Progestogens, also sometimes spelled progestagens or gestagens, are a class of steroid hormones that bind to and activate the progesterone receptor (PR). Progesterone is the major and most important progestogen in the body, while progestins are synthetic progestogens. Major examples of progestins include the 17α-hydroxyprogesterone derivative medroxyprogesterone acetate and the 19-nortestosterone derivative norethisterone (norethindrone). The progestogens are named for their function in maintaining pregnancy (i.e., progestational), although they are also present at other phases of the estrous and menstrual cycles. They are one of three types of sex hormones, the others being estrogens like estradiol and androgens/anabolic steroids like testosterone.

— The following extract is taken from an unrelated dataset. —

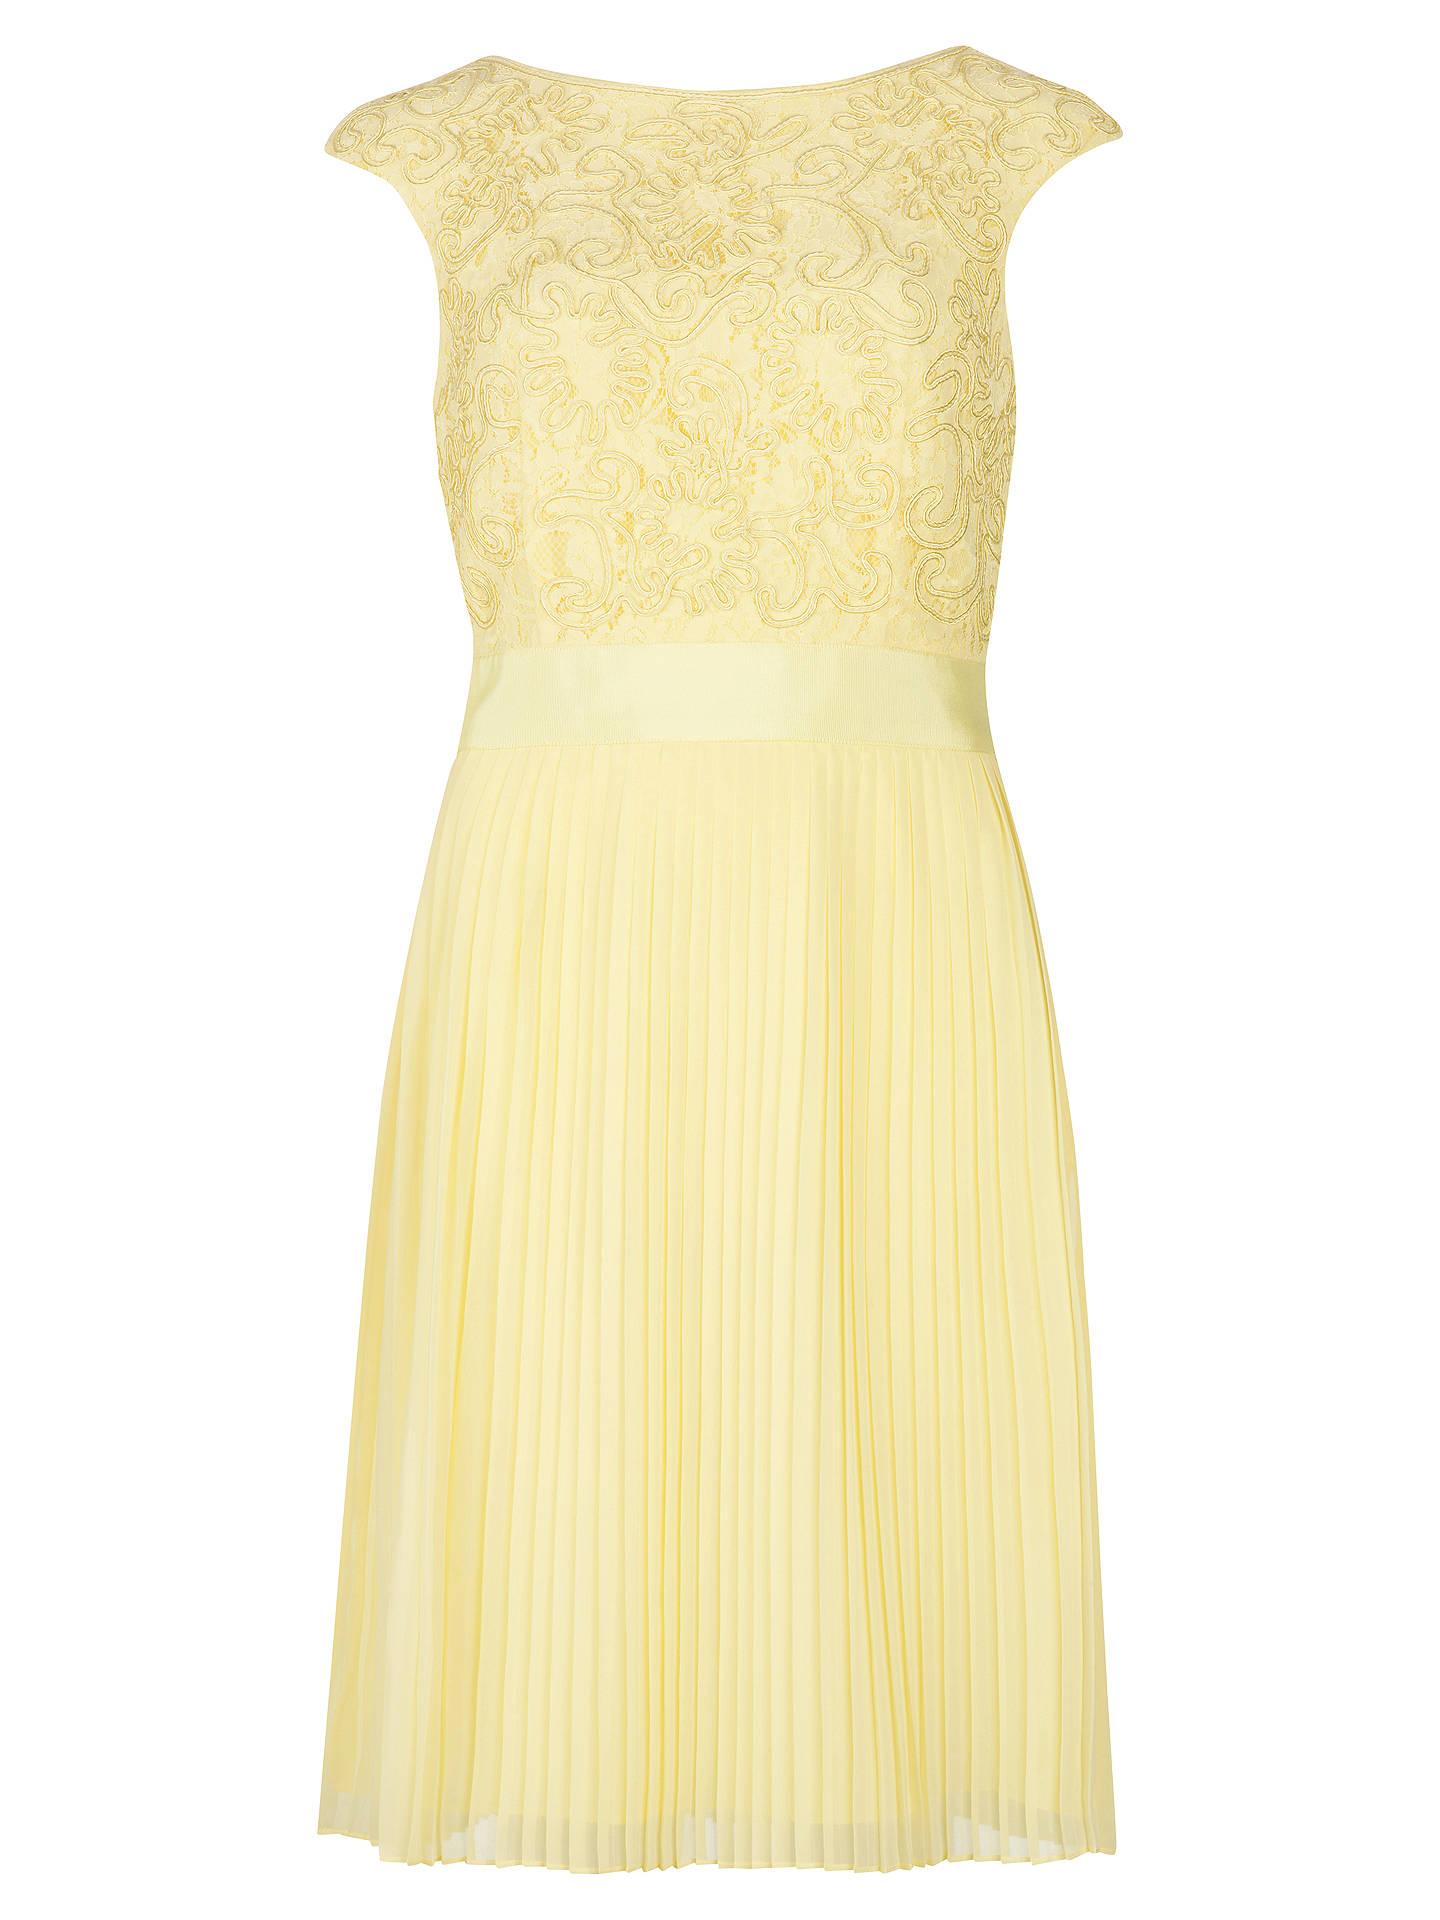 Ted Baker Aliana Lace Detail Dress, Lemon at John Lewis & Partners

Progesterone, the major progestogen in humans and a widely used medication.
|Use||Contraception, menopause, hypogonadism, transgender women, others|
|Biological target||Progesterone receptors (PRA, PRB, PRC, mPRs (e.g., mPRα, mPRβ, mPRγ, mPRδ, others))|
The progestogens are one of the five major classes of steroid hormones, in addition to the androgens, estrogens, glucocorticoids, and mineralocorticoids, as well as the neurosteroids. All endogenous progestogens are characterized by their basic 21-carbon skeleton, called a pregnane skeleton (C21). In similar manner, the estrogens possess an estrane skeleton (C18), and androgens, an androstane skeleton (C19).

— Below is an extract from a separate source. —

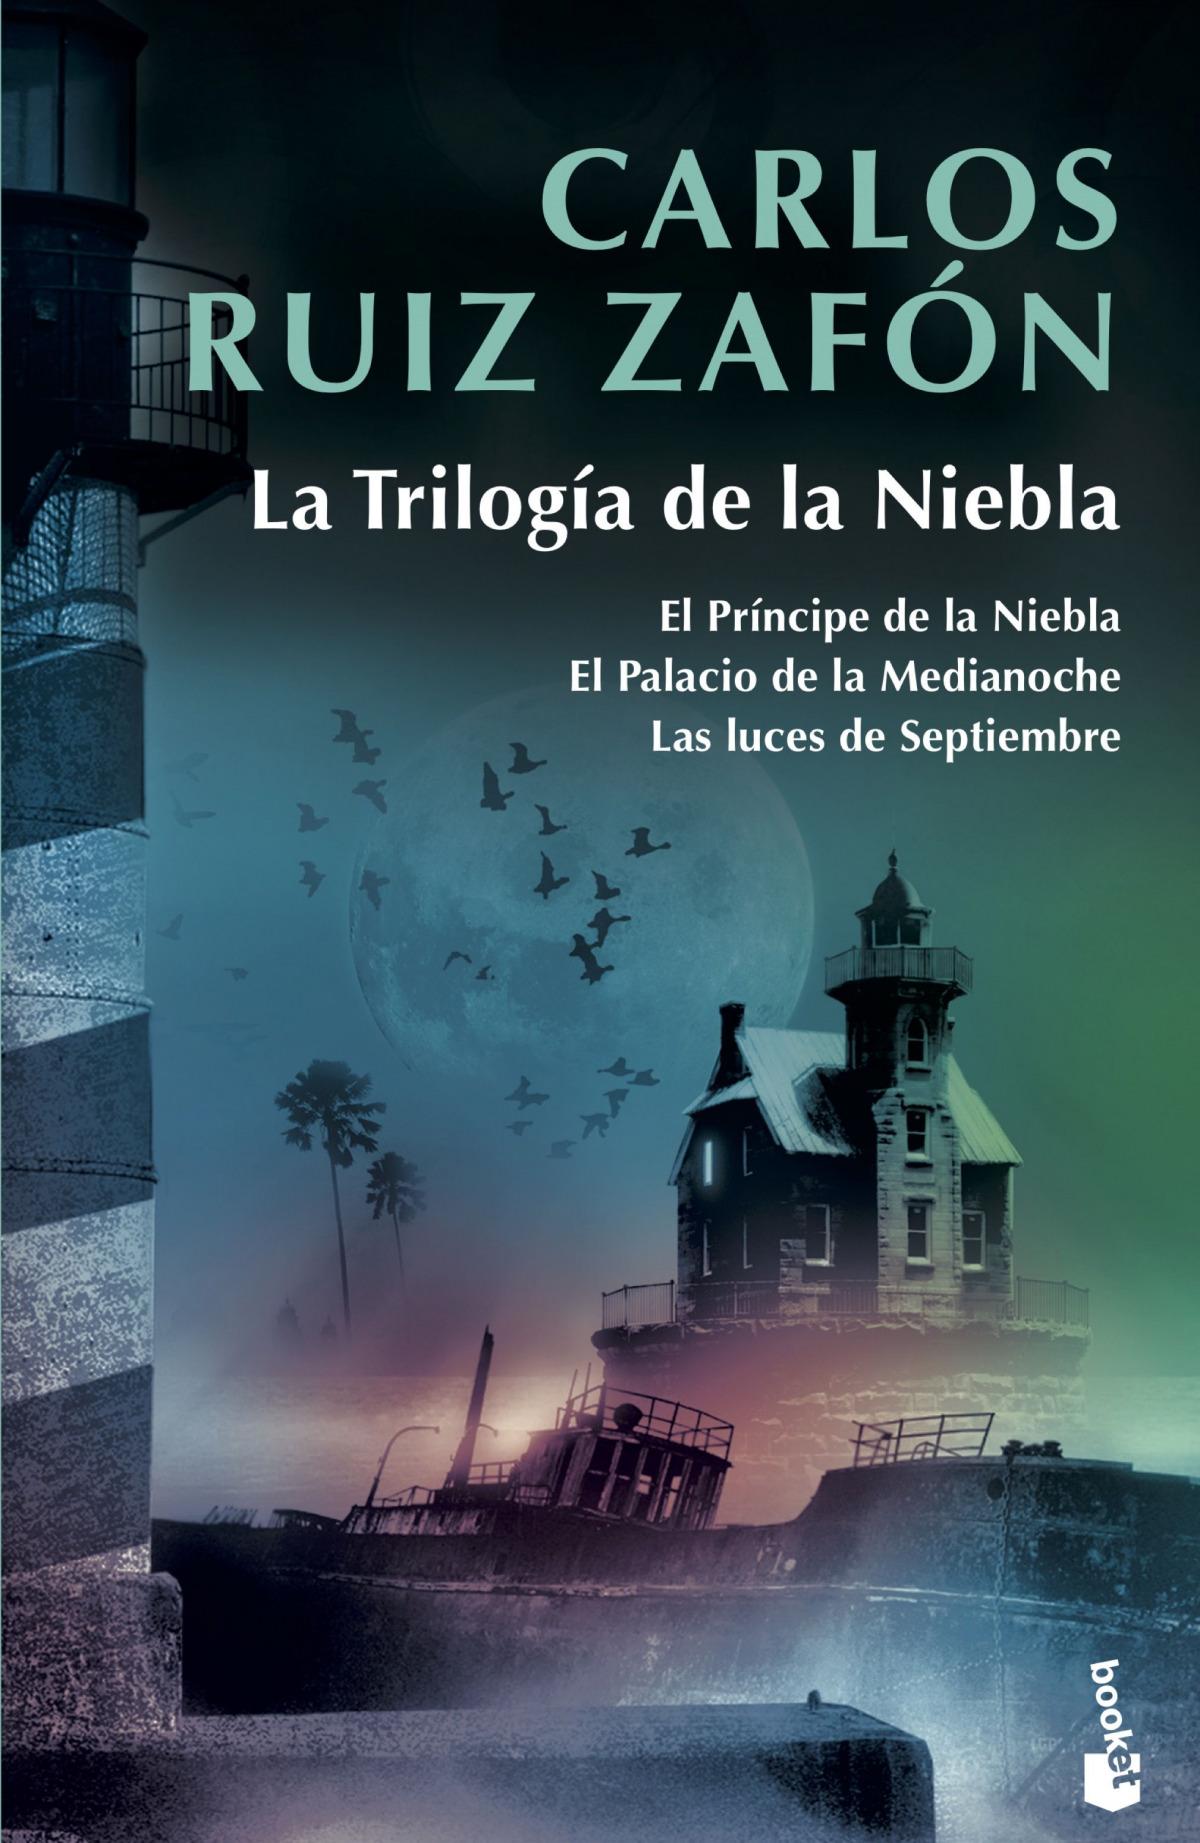 LA TRIOLOGIA DE LA NIEBLA CARLOS RUIZ ZAFON

The terms progesterone, progestogen, and progestin are mistakenly used interchangeably both in the scientific literature and in clinical settings. While the progestins are structural analogues of progesterone, they are not functional analogues, and differ from progesterone considerably in their properties.
The most important progestogen in the body is progesterone (P4). Other endogenous progestogens include 16α-hydroxyprogesterone, 17α-hydroxyprogesterone, 20α-dihydroprogesterone, 5α-dihydroprogesterone, 11-deoxycorticosterone, and 5α-dihydrodeoxycorticosterone.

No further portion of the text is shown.